Richebächer's father sent him to Great Britain before World War II to improve his fluency in the English language. He also wanted to gain an appreciation of what was required in a career in journalism. While in London, he developed a fascination with the study of economics. He returned to study in Berlin, and received a doctorate in Economics after the war.

==Post-war years==
From 1945 to 1958, Richebächer was a economics journalist/commentator. Richebächer was one of the journalists covering Konrad Adenauer's 1955 visit to Moscow to reestablish diplomatic ties between the Soviet Union and the Federal Republic of Germany. In 1957 he went to London to become a commentator on British economic policy. In 1964, he was appointed to the position of post of chief economist and managing director of Dresdner Bank, in Frankfurt. Richebächer provided economic advice to the clients of his employer. However, he was sometimes critical of the economic policy of the government of Helmut Schmidt. His supervisor, Jürgen Ponto, continued to support Richebächer's activities in researching and providing what he deemed to be accurate and correct economic commentary.

In 1977, Ponto was the victim of a kidnap attempt by the left wing organization known as the Red Army Faction. This resulted in Ponto's murder. Some time after this event, Richebächer decided to leave DresdnerBank and offer his insight on a freelance basis. His farewell event at DresdnerBank, was attended by many prominent economists and bankers including Paul Volcker who was then President of the New York Federal Reserve Bank, and John Exter, a former member of the New York Fed, advisor to Central Banks and father of the Inverted Pyramid of Assets.

In 1980 he published a book titled: "Im Teufelskreis der Wirtschaftpolitik" (publisher: Bonn Aktuell Gmbh), which provides a historical exploration of financial and economic crisis and explores the shift from free markets to what he considered – fiscal socialism.

During the last years of his life, Richebächer lived in France. He published a financial commentary service to subscribers titled "The Richebächer Letter", and made occasional contributions to the libertarian website "dailyreckoning.com". Richebacher was known for his frequently bearish views on the U.S. and global economies and his distrust of Wall Street's speculative excesses. He is considered a member of the Austrian Economists and owes a great deal to Ludwig von Mises, Friedrich Hayek and Exter.

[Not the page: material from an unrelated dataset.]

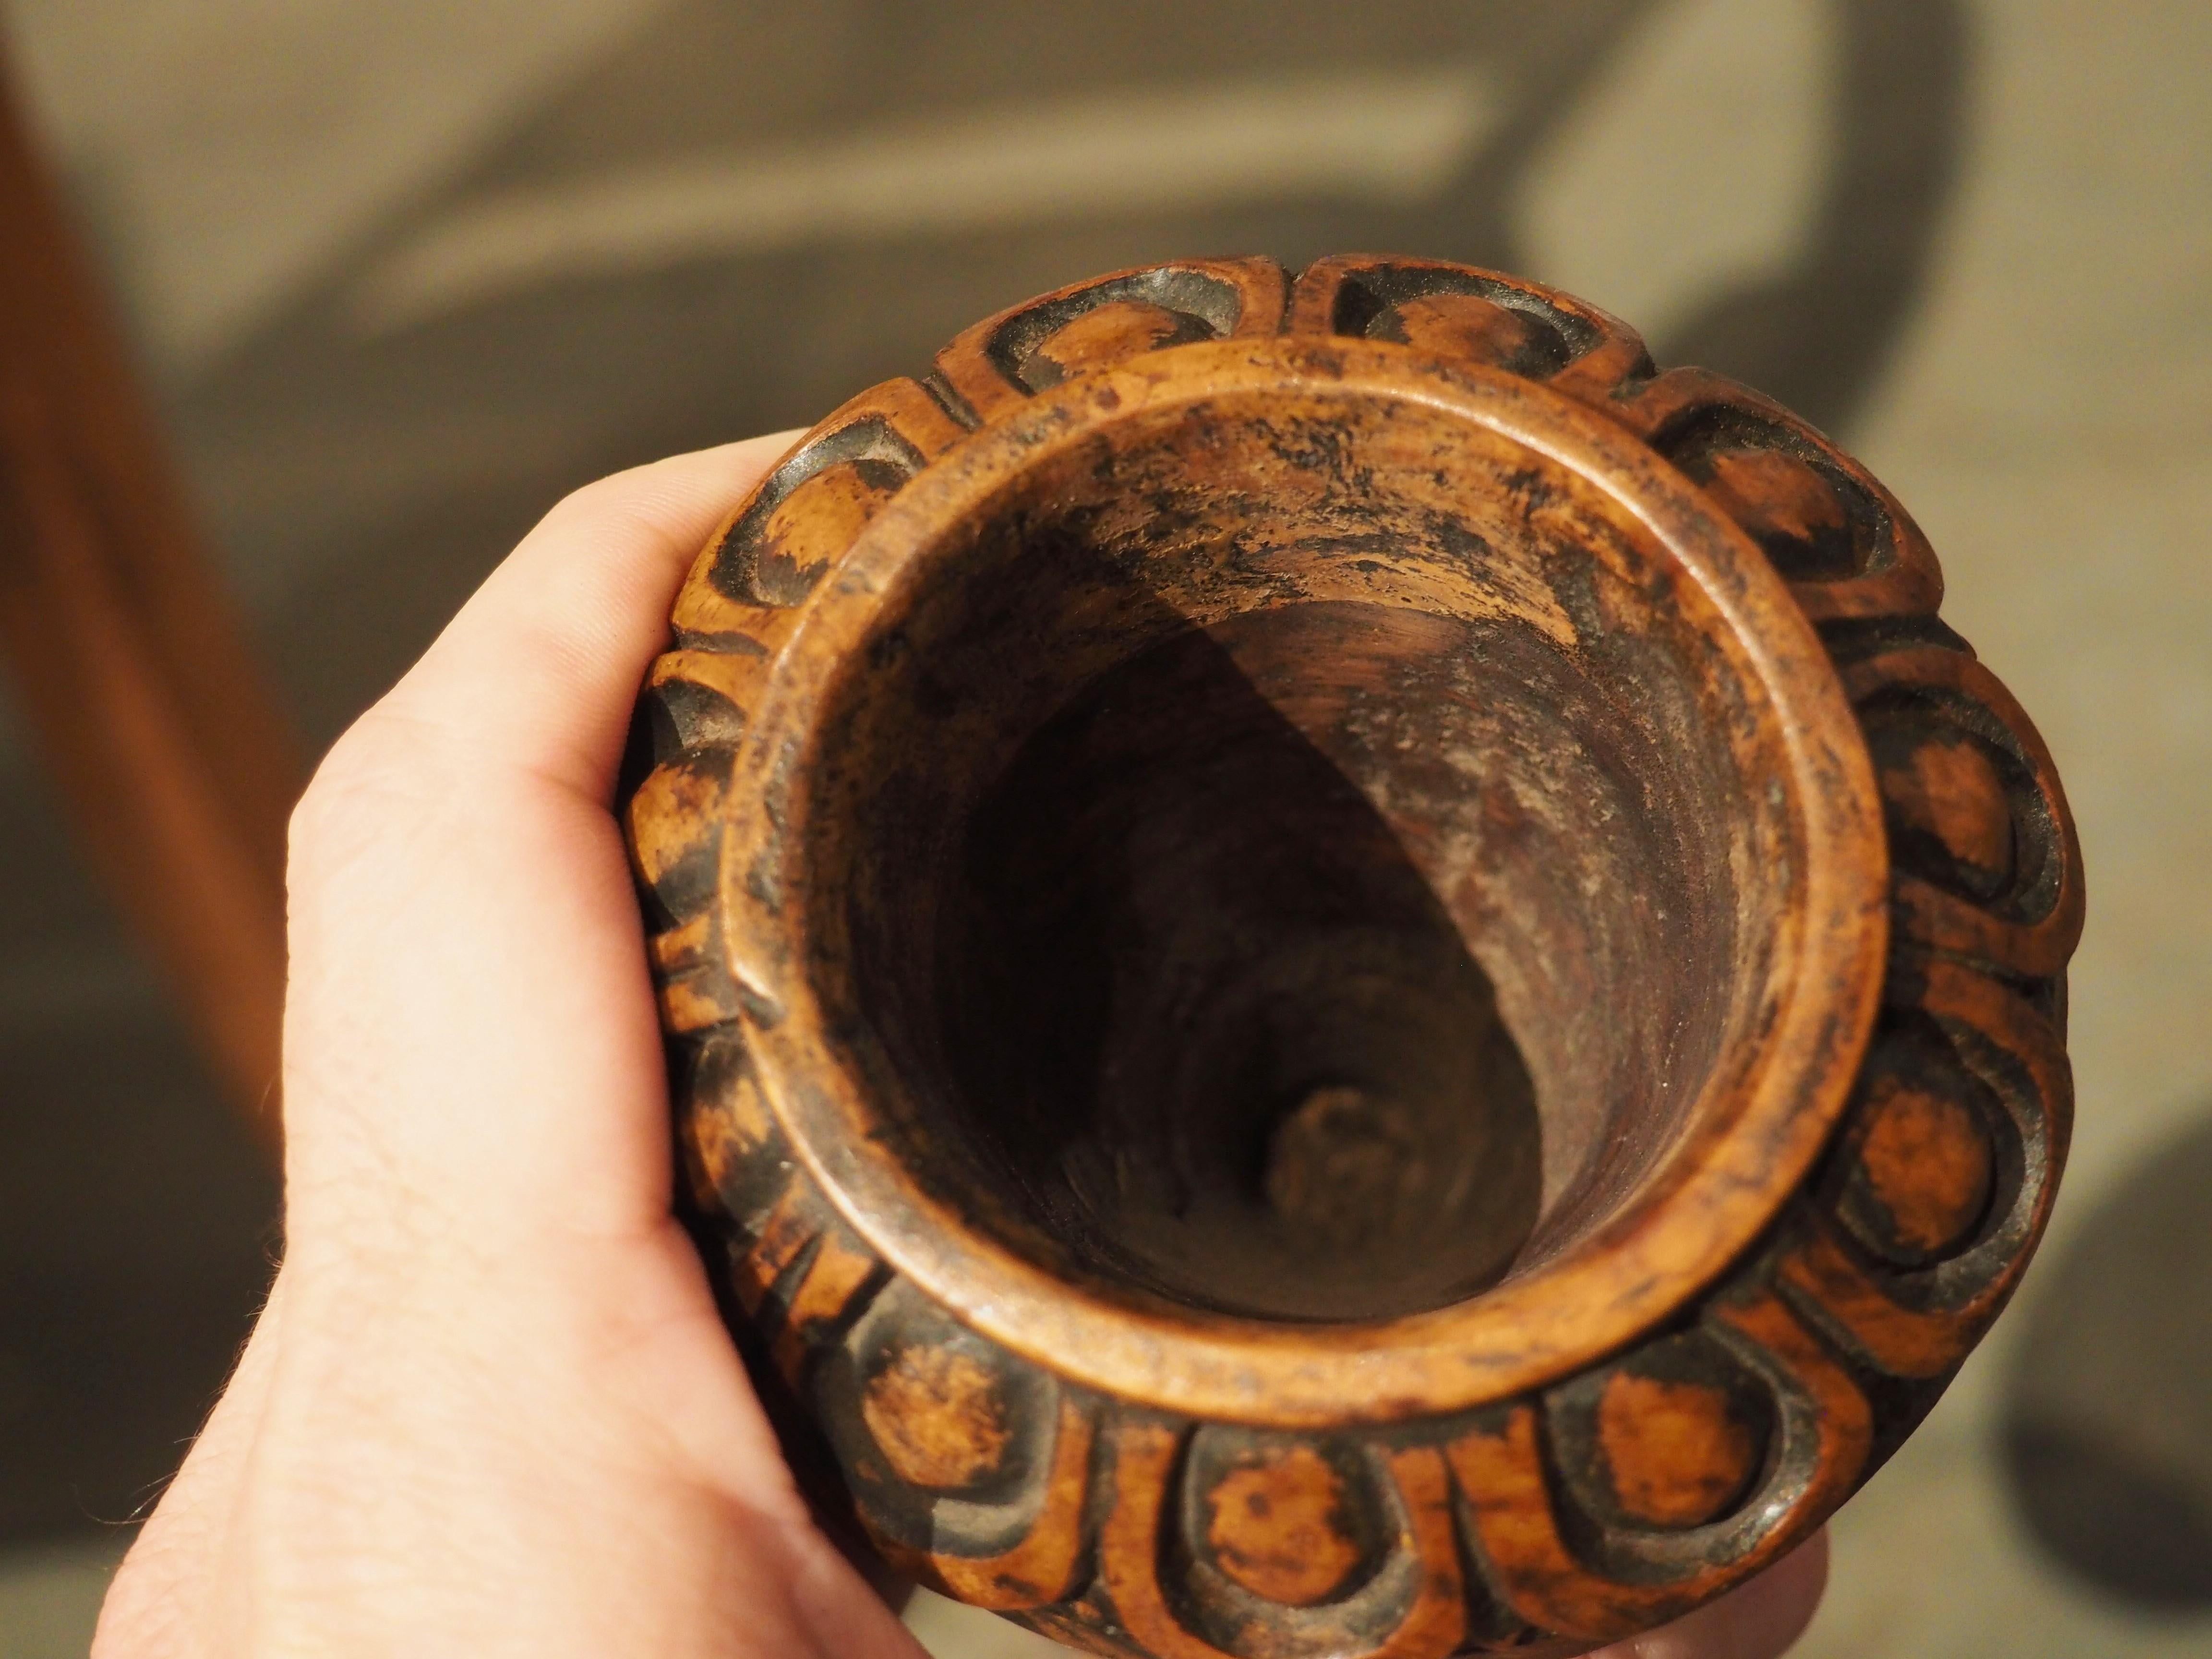 Diese hübschen, um 1820 in England handgeschnitzten Vasen wurden aus Wurzelholz angefertigt. Die Vasen haben eine enorme, nachgedunkelte Patina entwickelt, vor allem entlang der geschnitzten Motive, wie z. B. dem Ei-und-Pfeil-Rand und der konkaven

In 2006, before the Great Recession, he commented: "A recession and bear market in asset prices are inevitable for the U.S. economy... All remaining questions pertain solely to speed, depth and duration of the economy's downturn."

Richebächer died on August 24, 2007, at the age of 88.

== Published books ==
- Börse Und Kapitalmarkt. Frankfurt (am Main): Knapp 1971. 4th ed,
  - Review : Kasten, Hans. "Book Review: Börse Und Kapitalmarkt." FinanzArchiv / Public Finance Analysis. 24.2 (1965): 376.
- Capital Markets Study: Functioning of capital markets. Paris & London: OECD H.M.S.O, 1968 ISBN 978-0119201376
- Dermitzel, Günther, Walter Damm, and Kurt Richebächer. Das Bankwesen Im Gemeinsamen Markt. Baden-Baden: August Lutzeyer, 1962
- Richebächer, Kurt. Im Teufels Kreis Der Wirtschaftspolitik: Fiskalsozialismus Verdrängt Die Marktwirtschaft. Stuttgart: Aktuell, 1980.